Several months ago, I agreed to be Nanny Cara in Pennsylvania while my friend Steph cruised down the Rhine. It was a Christmas Cruise, and in the waning weeks of summer, I didn't think about the implications of agreeing to spend ten days in PA in December.
It gets dark there at 4:15 pm!
No kidding, dusk creeps in at 4:00 pm, and by 4:30 pm, the sky is black ink. Dark. Like midnight in Florida dark. I thought 8:30 was bedtime! I got accustomed to drinking hot tea while the sun disappeared as if being chased by a demon.
Large houses are cold!
I loved that aspect at night, snuggled under the awesome blanket on my bed. During the day, though, not so much. I realized you have to dress in layers. For this Florida gal, who purchased long-sleeved clothes before heading north, that meant a wool cardigan. When I was hot, it came off, and when I got cold, it went back on. I was forever stripping and then re-dressing. Chores ramped up the body heat, but sitting and writing lowered it.
Snow!
Before I went, I worried about driving in the snow. That wasn't a favorite of mine when I lived in Indiana, and now that I've been in Florida for over thirty years--yeah, I was not looking forward to doing that. Luckily, it snowed and sleeted once, but the temperature was over fifty. Other than a gray, slushy, wet day and having to use my windshield wipers, that was doable.
Small-town mentality!
I insisted on getting there before the responsible parent left on her trip so she could fill me in on the deets. Having been to PA last April, I knew locking doors was unheard of, and kids ran the neighborhood unsupervised.

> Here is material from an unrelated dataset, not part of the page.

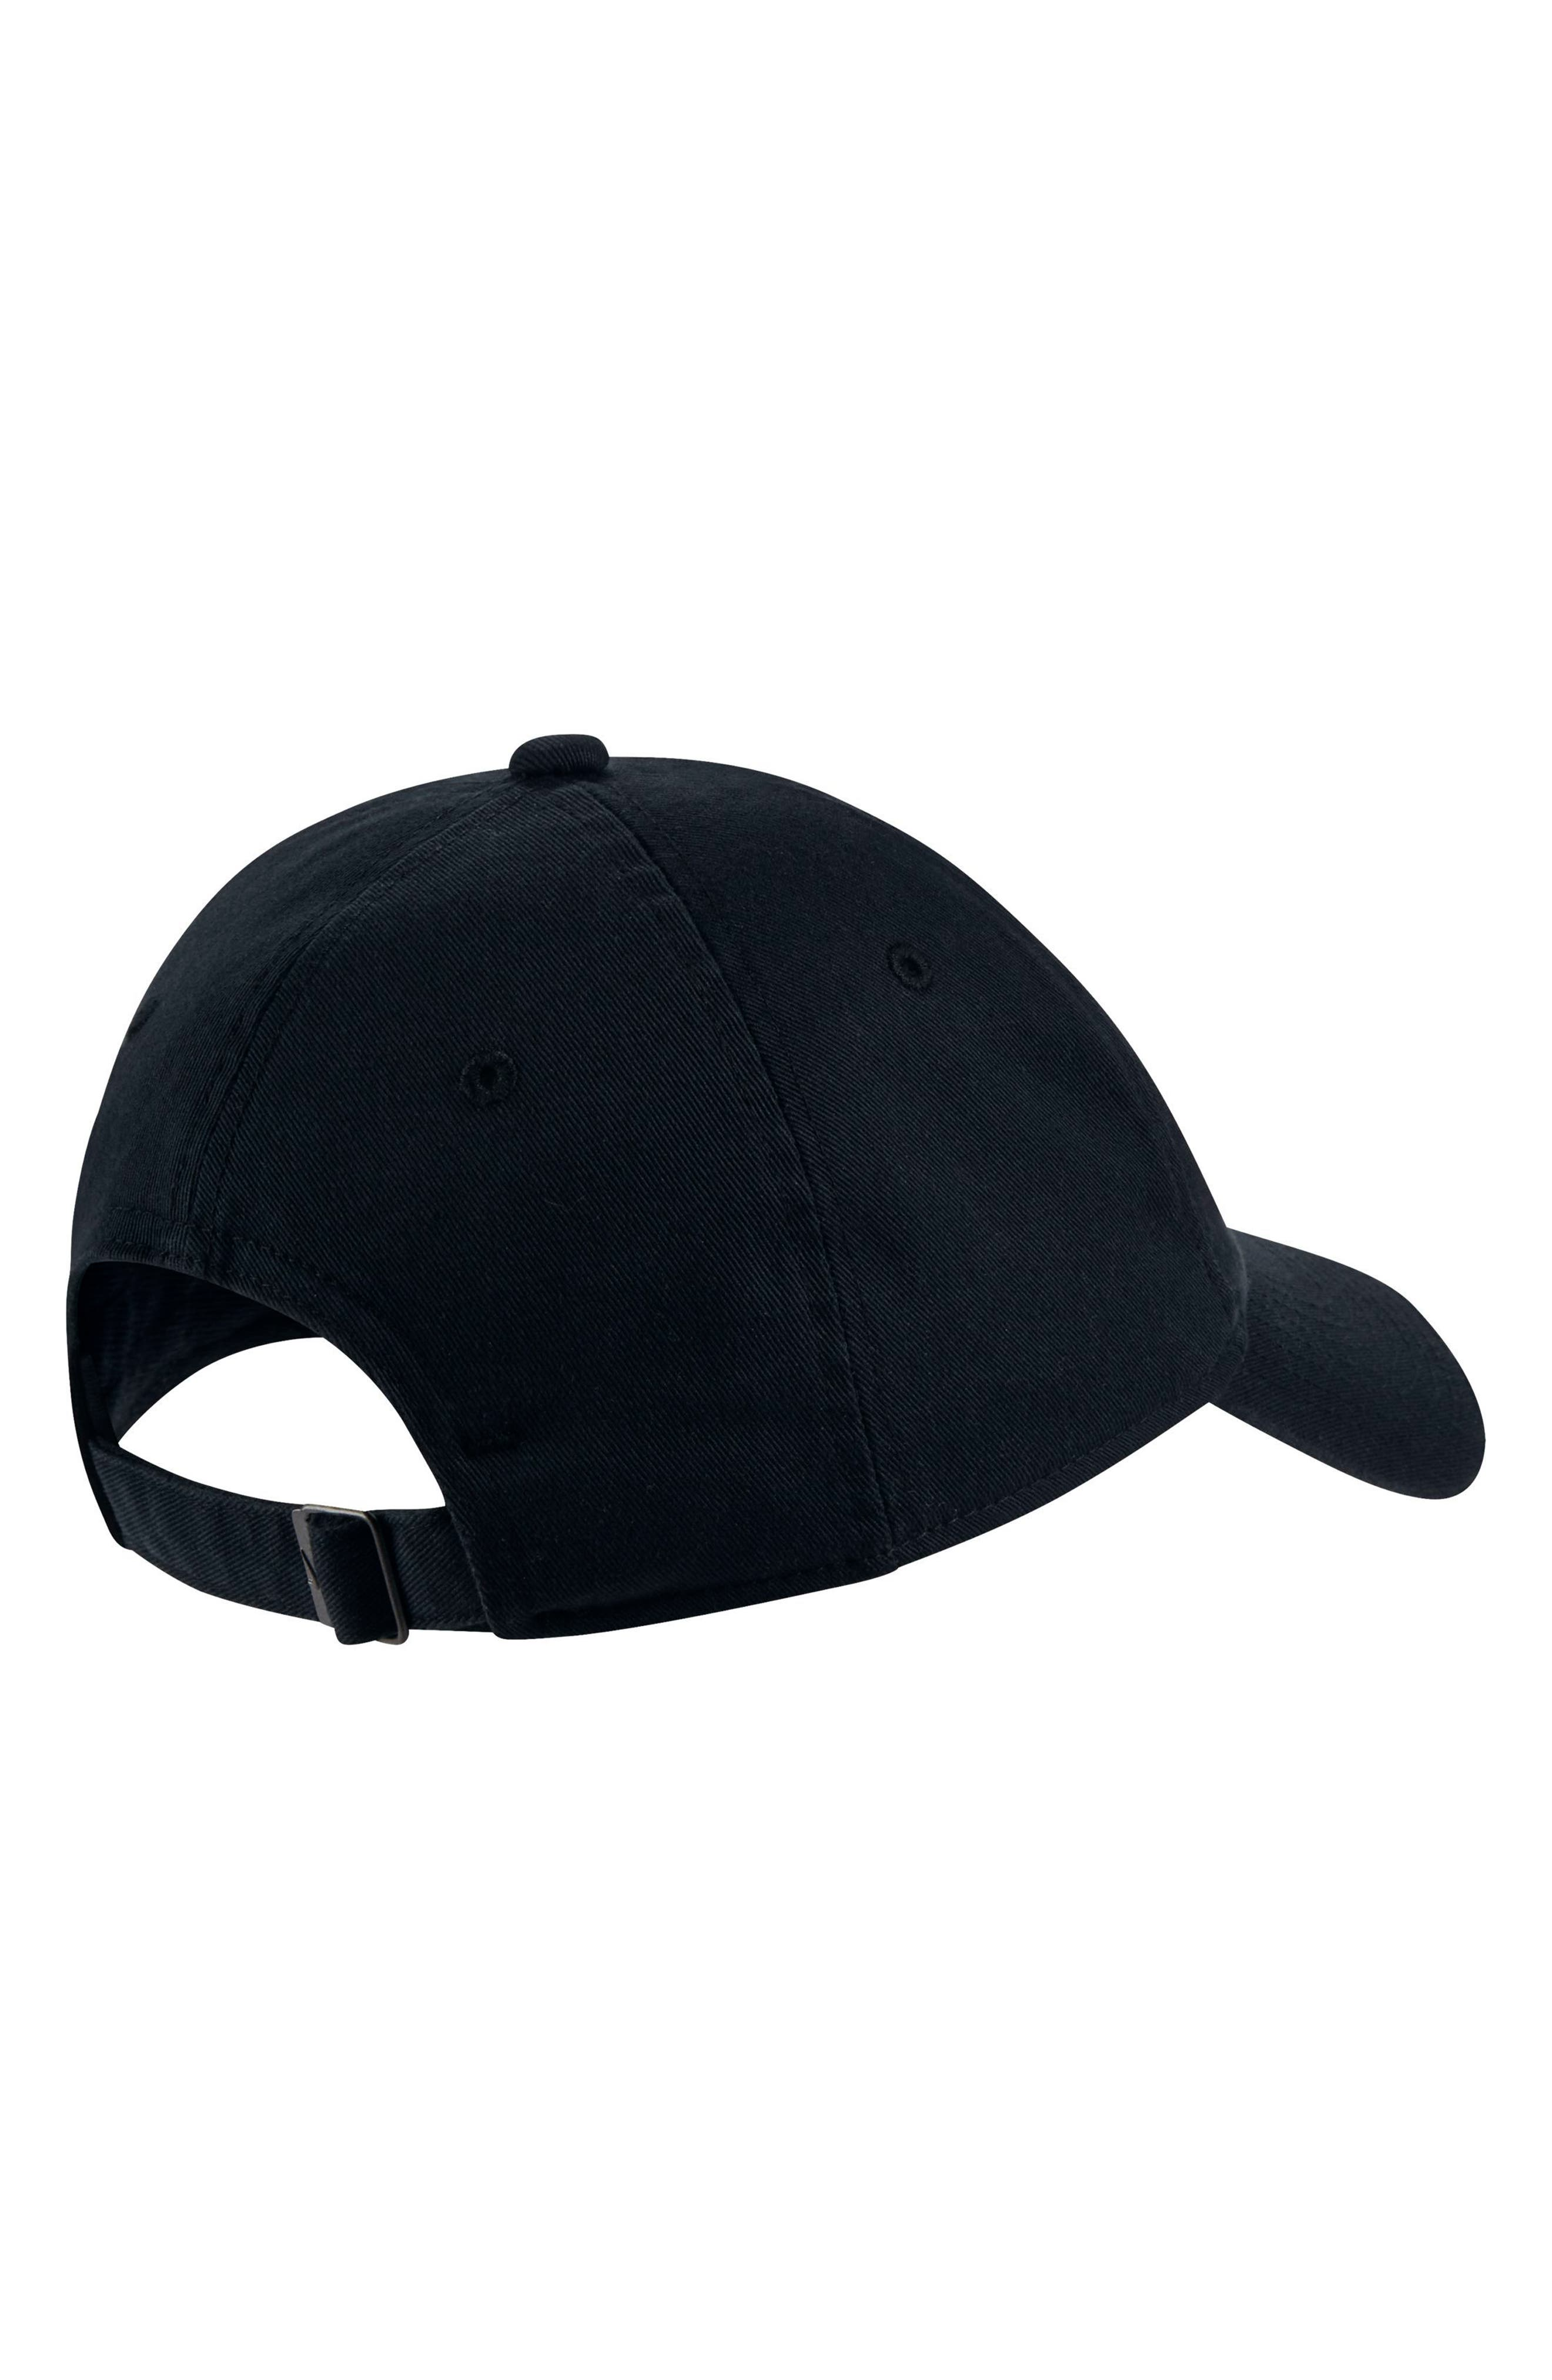 Women's H86 Swoosh Hat,                             Alternate thumbnail 2, color,                             Black/ White

During this trip, I learned an antibiotic administered twice a day, no matter the time, was fine, and kids running wild extended to downtown and sketchy towns with abbreviated initials. Although, that last one might have been the kid pulling one over on the nanny.
Before I arrived, we Face-Timed. This was where I learned The Kid was self-sufficient and had a huge entourage.
Me: "I'll need to meet and interrogate your friends. I'll come with a list of questions."
The Kid: "Please, don't embarrass me."